O deputado estadual Dilmar Dal Bosco (União Brasil) afirmou, nesta terça-feira (31), que a destituição do ex-secretário-chefe da Casa Civil, Mauro Carvalho, da presidência do Partido Renovação Democrática (PRD) foi resultado de articulação política em Brasília.
Segundo Dilmar, a decisão teria sido tomada a pedido do senador Wellington Fagundes (PL) e da deputada estadual Janaina Riva (MDB), que disputam, respectivamente, o Governo do Estado e uma vaga no Senado nas eleições deste ano.

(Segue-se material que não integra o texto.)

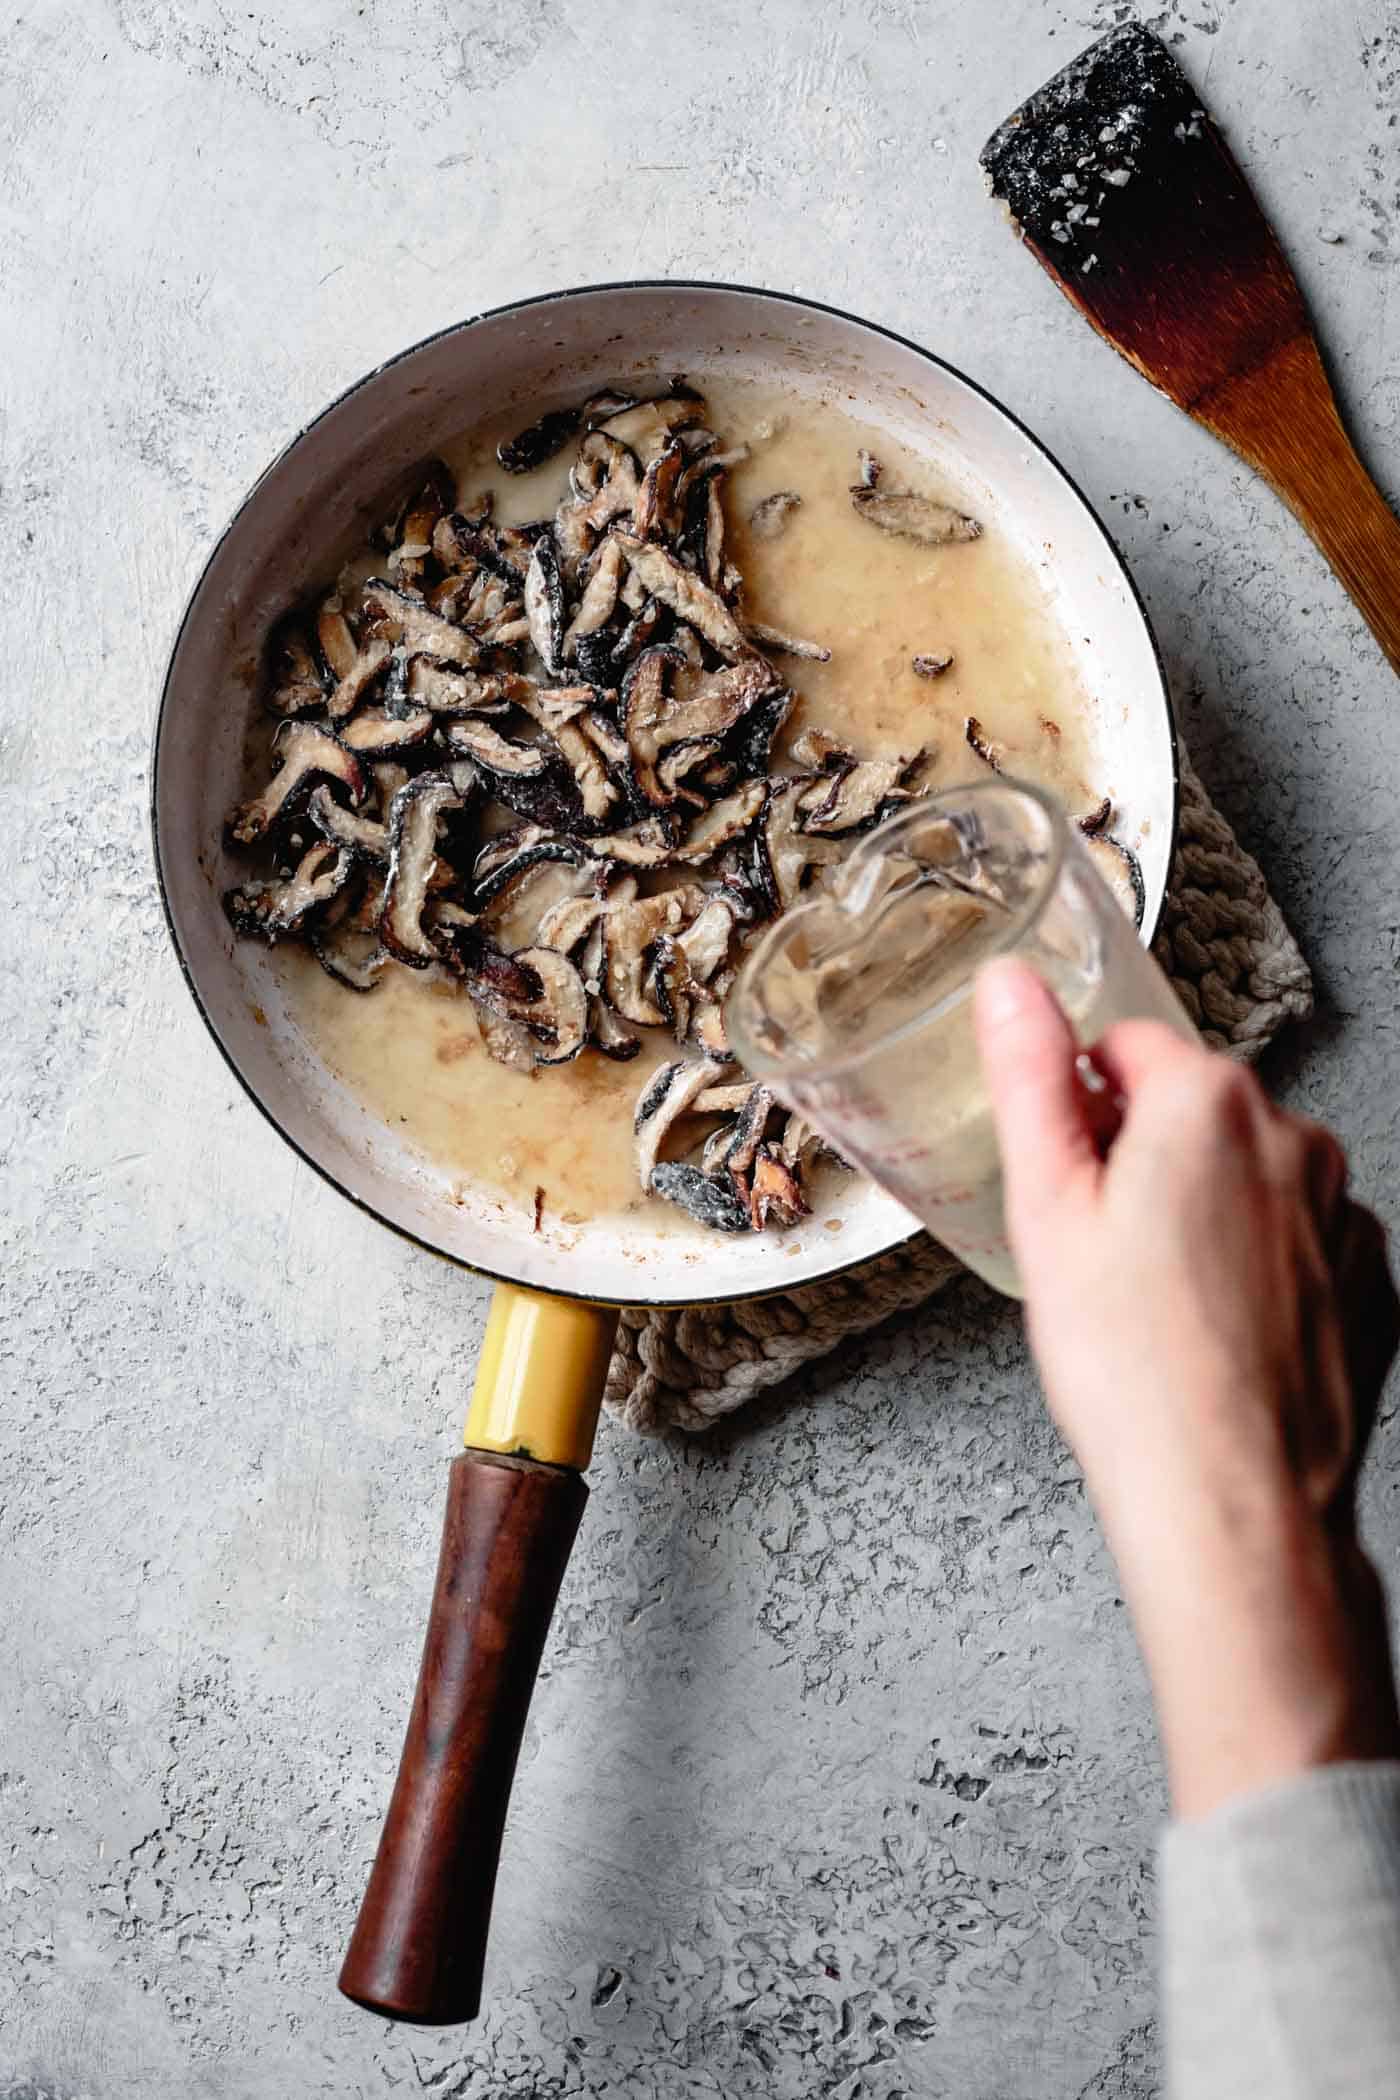 How to make mushroom gravy: adding vegetable stock to the mushrooms in the pan

Durante ato de filiação do União Brasil, o parlamentar afirmou que a mudança ocorreu de forma repentina e teria sido motivada por interesses eleitorais.
Dilmar relatou que estava em fase final de articulação para montagem de chapas proporcionais, envolvendo nomes que poderiam disputar vagas na Câmara Federal e na Assembleia Legislativa pelo PRD.
Entre os nomes citados por ele estão a ex-prefeita de Sinop Rosana Martinelli, o secretário estadual de Segurança Pública, César Roveri, o presidente do Cipem, Ednei Blasius, e o deputado estadual Júlio Campos.
Diante do novo cenário, o deputado afirmou que o União Brasil deve absorver lideranças que migrariam para o PRD. Segundo ele, vereadores ligados à sigla já buscam saída e pedem liberação para mudança partidária.
Dilmar também criticou os adversários políticos, afirmando que eles podem ficar apenas com a estrutura formal do partido, sem base de apoio.
Por fim, o parlamentar avaliou que a estratégia teria efeito contrário ao esperado e pode fortalecer grupos adversários, incluindo lideranças como Otaviano Pivetta e Mauro Mendes.